Thursday | 8 January, 2009
Australian Biotechnology News
CRX08: The devil you try to know
The Clinical Research Excellence (CRX08) conference starts in Brisbane tomorrow. We talk flu pandemics with plenary speaker Anne Kelso.
Fiona Wylie 06/08/2008 12:43:00

Know thine enemy

The four WHO Collaborating Centres act as global collection points for influenza virus samples sent from the national laboratories and other diagnostic laboratory or medical facilities in the region. The viruses collected undergo detailed antigenic and genetic characterisation to monitor changes in influenza virus around the world over time. Most of this work involves the seasonal viruses and basically, WHO is watching out for two things - how the virus population as a whole is changing globally from season to season, and anything unusual that needs more thorough analysis.

To measure the seasonal changes in influenza virus, or antigenic drift, samples are compared to a panel of reference strains. Antisera against these reference strains are raised in ferrets, which are the best-established animal model of influenza infection in humans, and then used to test collected samples.

"Antisera are also raised against anything new and interesting as a future reference strain, or more importantly, as a future vaccine strain," Kelso says. "What we really want to know is how far the virus has drifted in antigenicity and genetic profile from what we saw in previous northern and southern hemisphere seasons."

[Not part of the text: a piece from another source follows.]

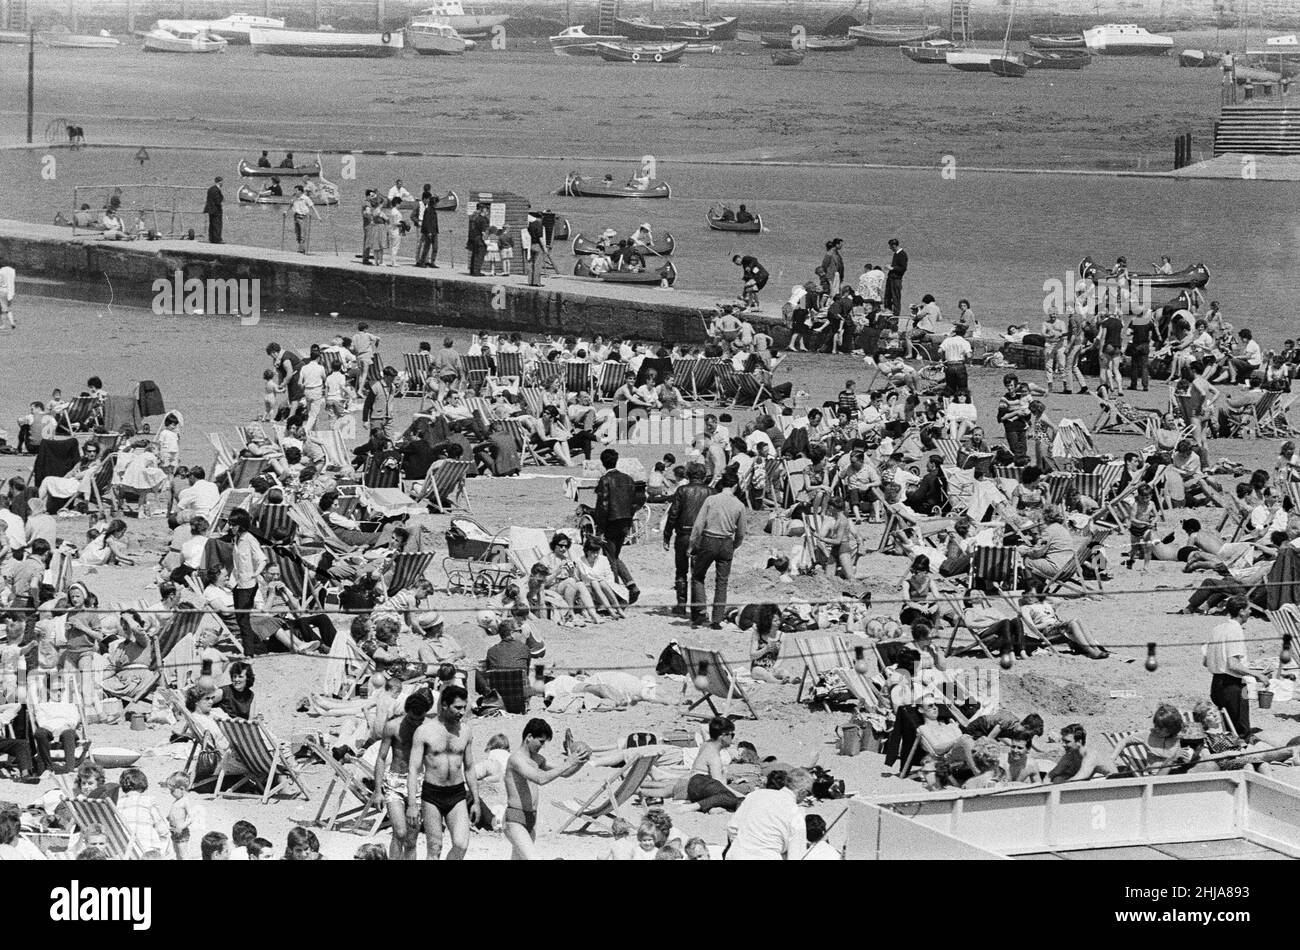 Mods gegen Rockers. Bild zeigt die Szene in Margate, North East Kent im Mai 1964. Mods und Rockers mischen sich mit den Urlaubern, die den Tag in ihren Liegestühlen genießen. Bild aufgenommen am 17th. Mai 1964 Stockfoto

Of course, only a small proportion of the influenza virus out there is being monitored by the WHO efforts. Most people who contract the flu do not seek medical care, and of those that do, only a few are officially reported with appropriate samples sent to the WHO labs. However, according to Kelso, Australia has good systems set up for monitoring influenza-like illness, through hospitals and some GP surveillance networks.

Additionally, the detection of flu is notifiable in all states in Australia except South Australia. In 2007, the Collaborating Centre received about 2600 samples for analysis. These samples came mostly from within Australia, but many samples and virus isolates also arrived from other countries in the region including New Zealand, Malaysia, The Philippines and Macau.

Members of the four WHO Collaborating Centres then meet in Geneva twice a year to review all the data collected over the previous six months and issue a public statement about the latest antigenic trends in influenza virus wear for the following winter. This information is used to recommend virus strains for inclusion in the next seasonal vaccines for the northern and southern hemispheres, respectively.

What follows is then an intensive period of work for all concerned to culture suitable virus by its antigenic properties to include in the vaccin, and then grow enough up in eggs for the relevant companies to produce vaccine and release it into the market. "Even though it is many months between our meeting and the release of the vaccine, it is a very tight timeline that the companies face," she says.

The two A-type viruses circulating in humans at the moment, H1N1 and H3N2, both originated as pandemics and their history is quite interesting. "H1N1 is the progeny of the virus that caused the 1918 influenza pandemic virus, which after the pandemic became established in humans, circulated until the 1930s, and then disappeared," Kelso says.

"It re-emerged in Russia in 1977 and has been circulating in humans ever since. So, it has now drifted a long way from the original pandemic form. It is also only the A viruses that give rise to pandemics from time to time. The B-type viruses are not as variable and are human strains originally."